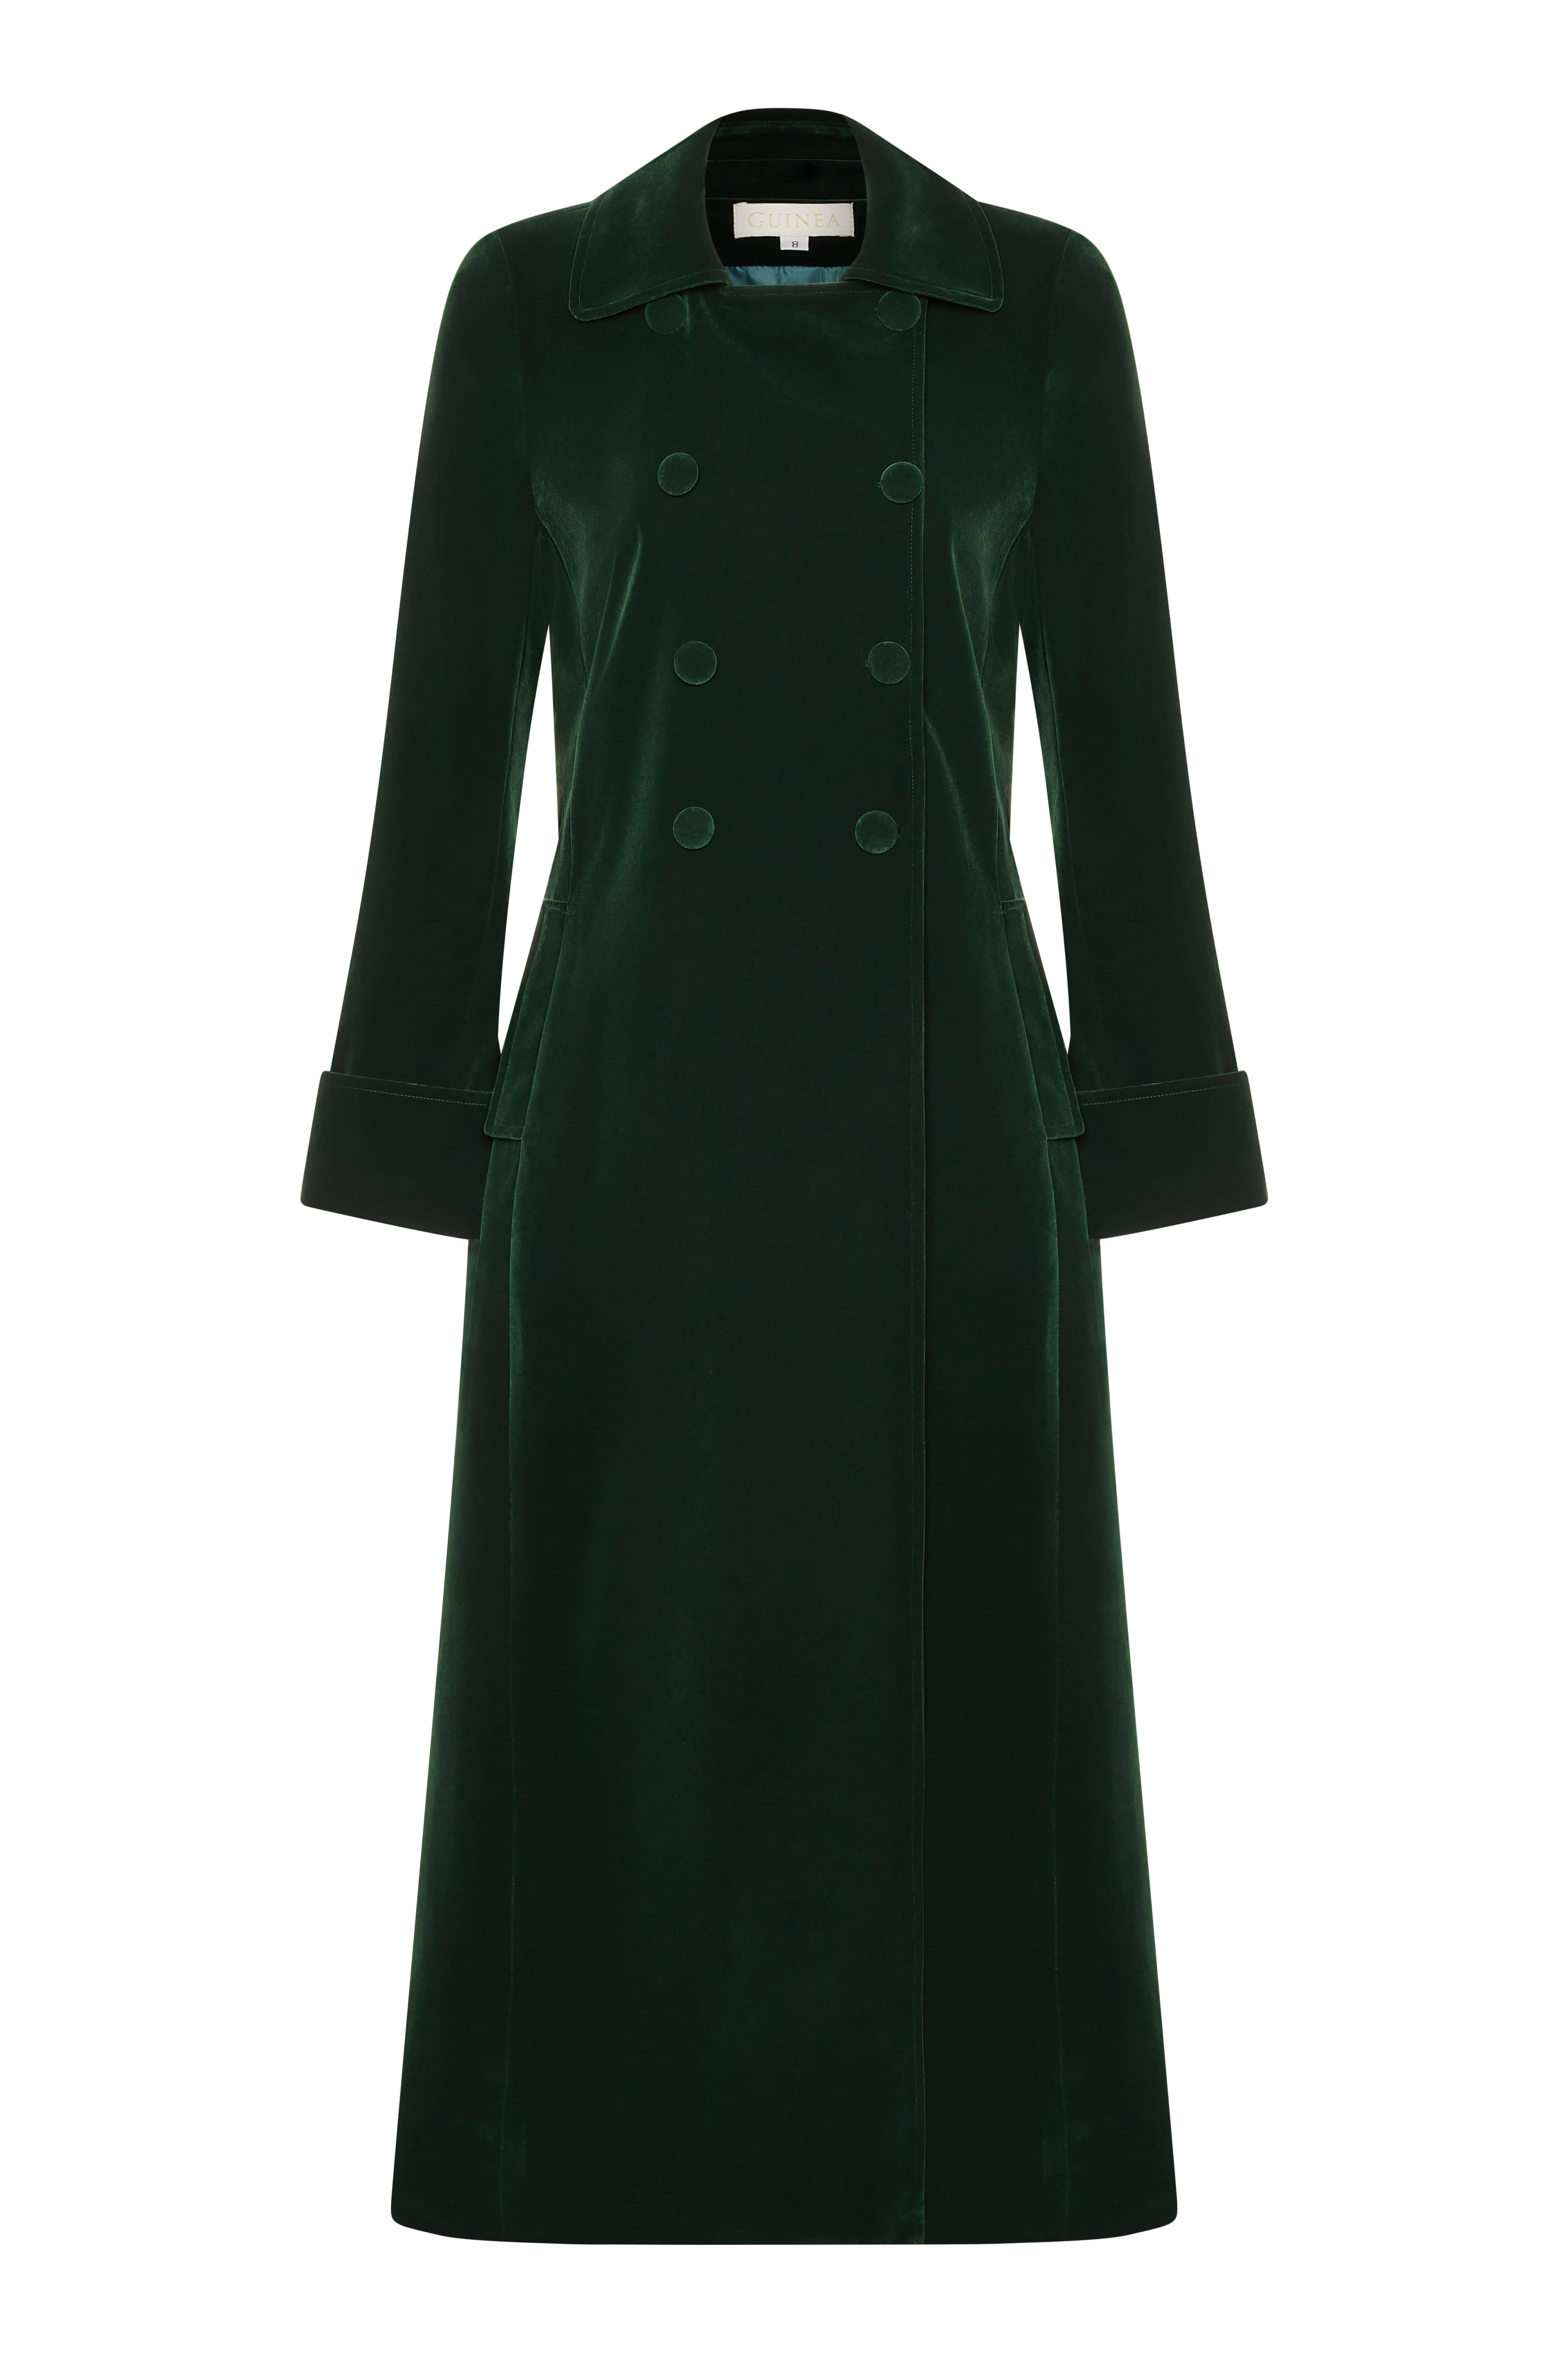 Women’s Long Green Velvet Coat - Boho Glamour Extra Large Guinea
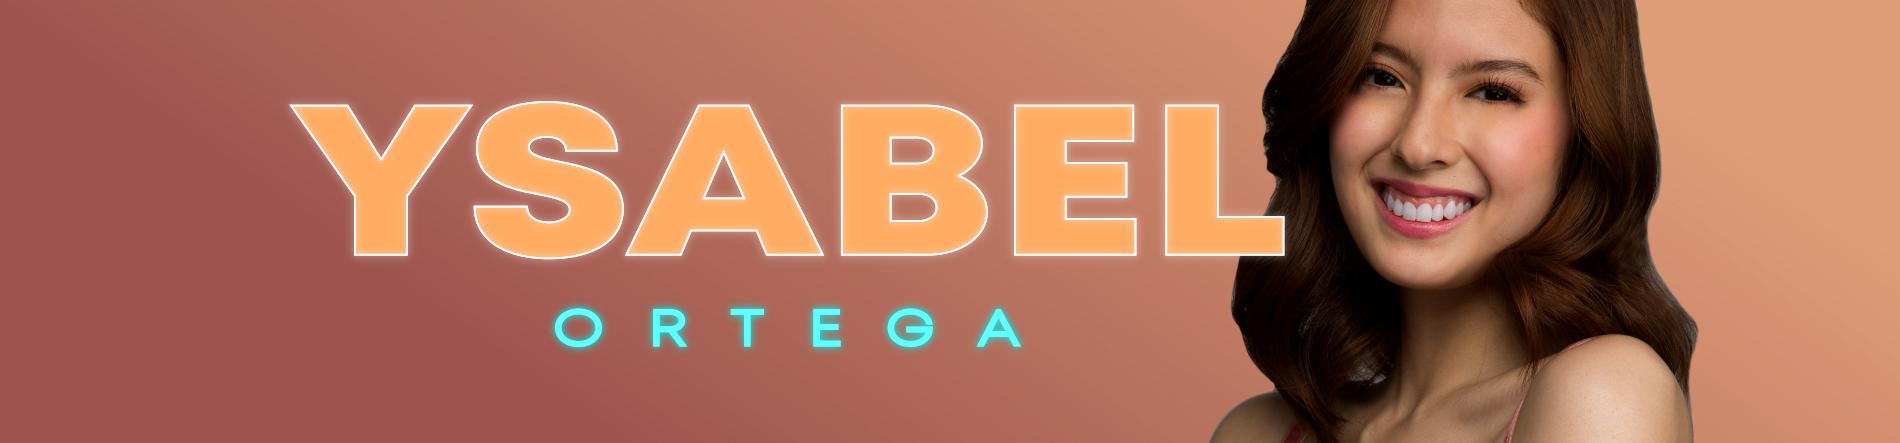 Ysabel Ortega Desktop Banner
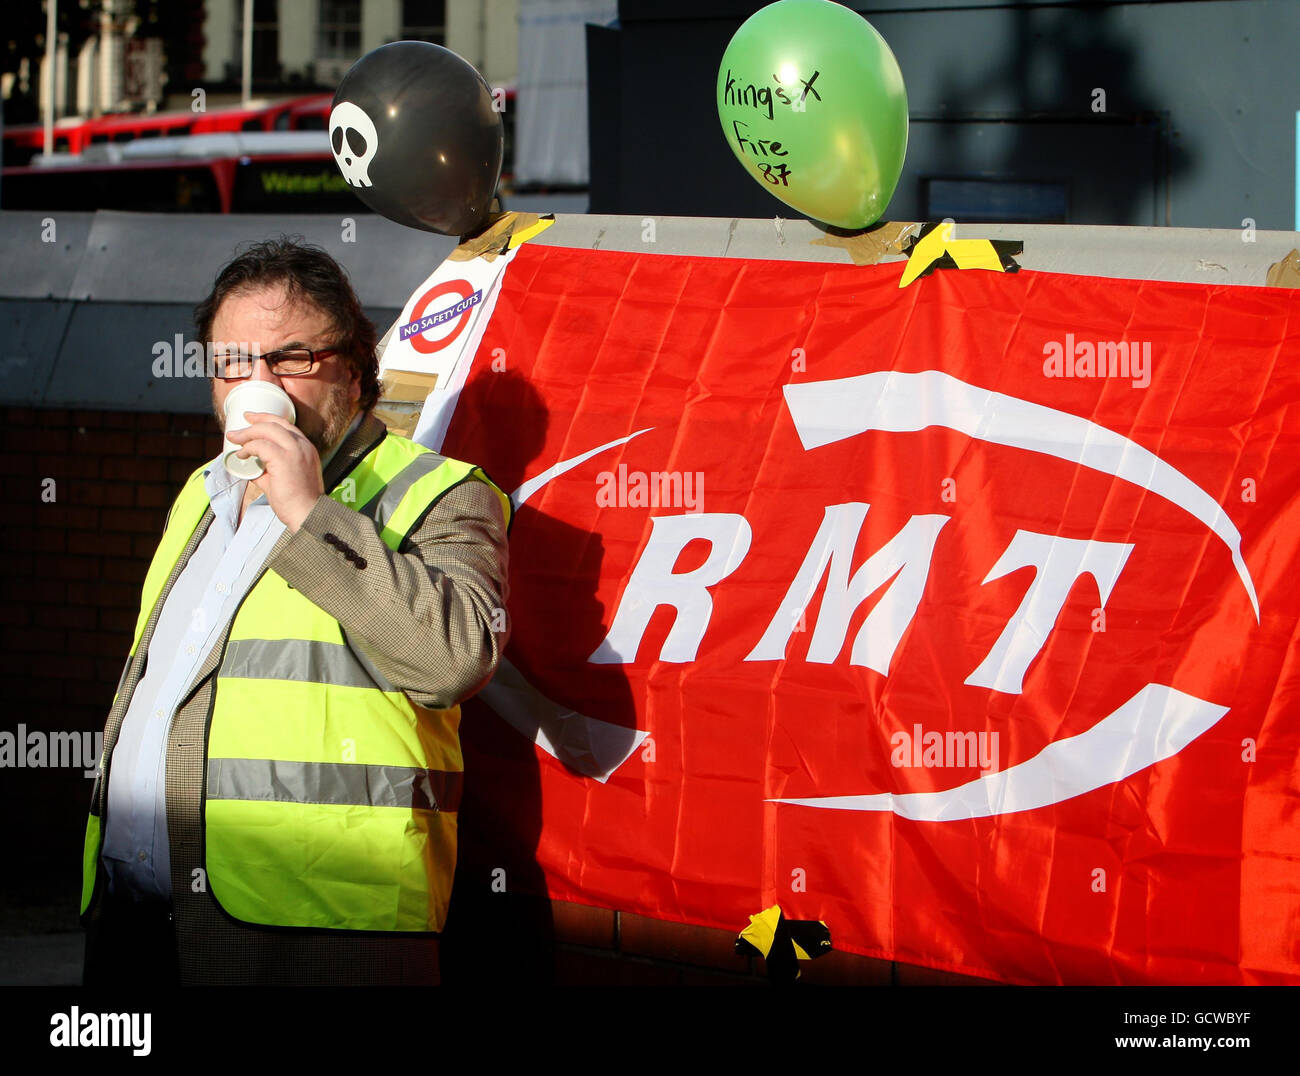 La linea di picket RMT fuori dalla stazione della metropolitana Victoria, nel centro di Londra, in quanto i servizi sono stati paralizzati a causa di uno sciopero da parte di lavoratori in protesta per i tagli al lavoro, causando miseria per pendolari e altri viaggiatori. Foto Stock
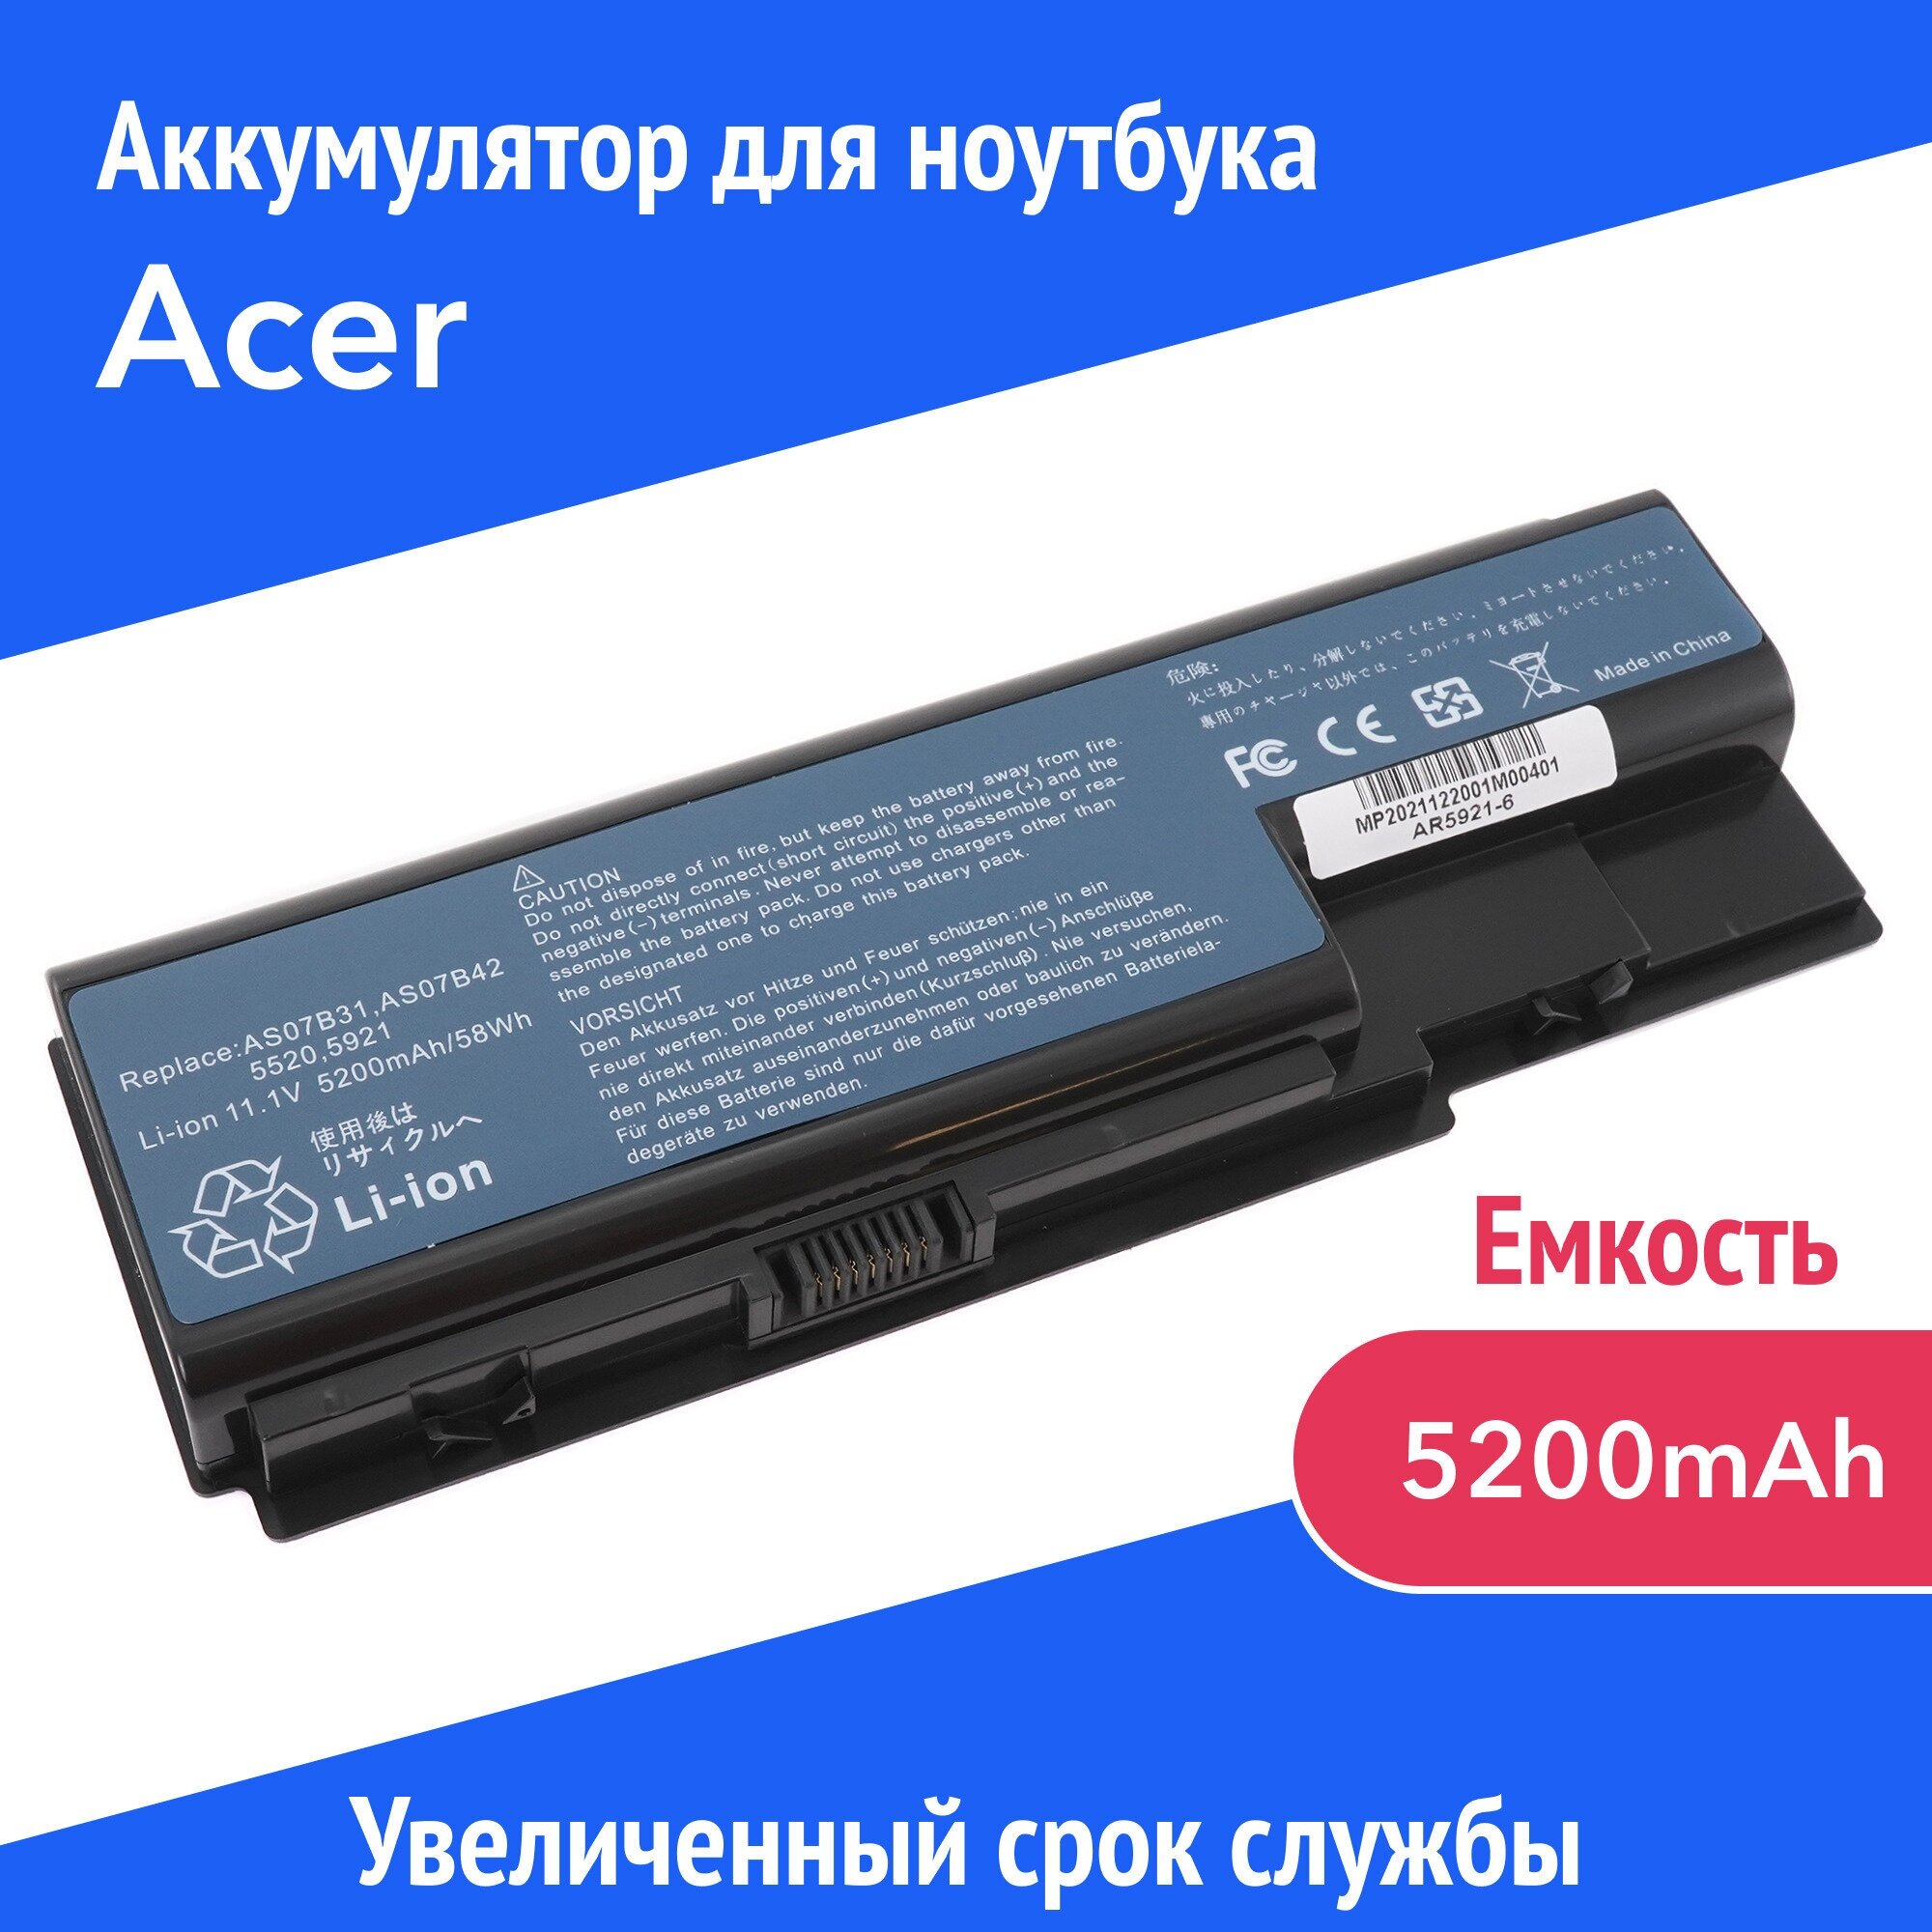 Аккумулятор AS07B31 для Acer Aspire 5520 / 5530 / 6530G / 7520G / 7730G (AS07B71, JDW50) 11.1 V
+---+
Problem statement> Return the whole listing word for word. Pictures stay out of it.

Answer section>
 Women’s Long Green Velvet Coat - Boho Glamour Extra Large Guinea
 Ysabel Ortega Desktop Banner
 La linea di picket RMT fuori dalla stazione della metropolitana Victoria, nel centro di Londra, in quanto i servizi sono stati paralizzati a causa di uno sciopero da parte di lavoratori in protesta per i tagli al lavoro, causando miseria per pendolari e altri viaggiatori. Foto Stock
 Аккумулятор AS07B31 для Acer Aspire 5520 / 5530 / 6530G / 7520G / 7730G (AS07B71, JDW50) 11.1 V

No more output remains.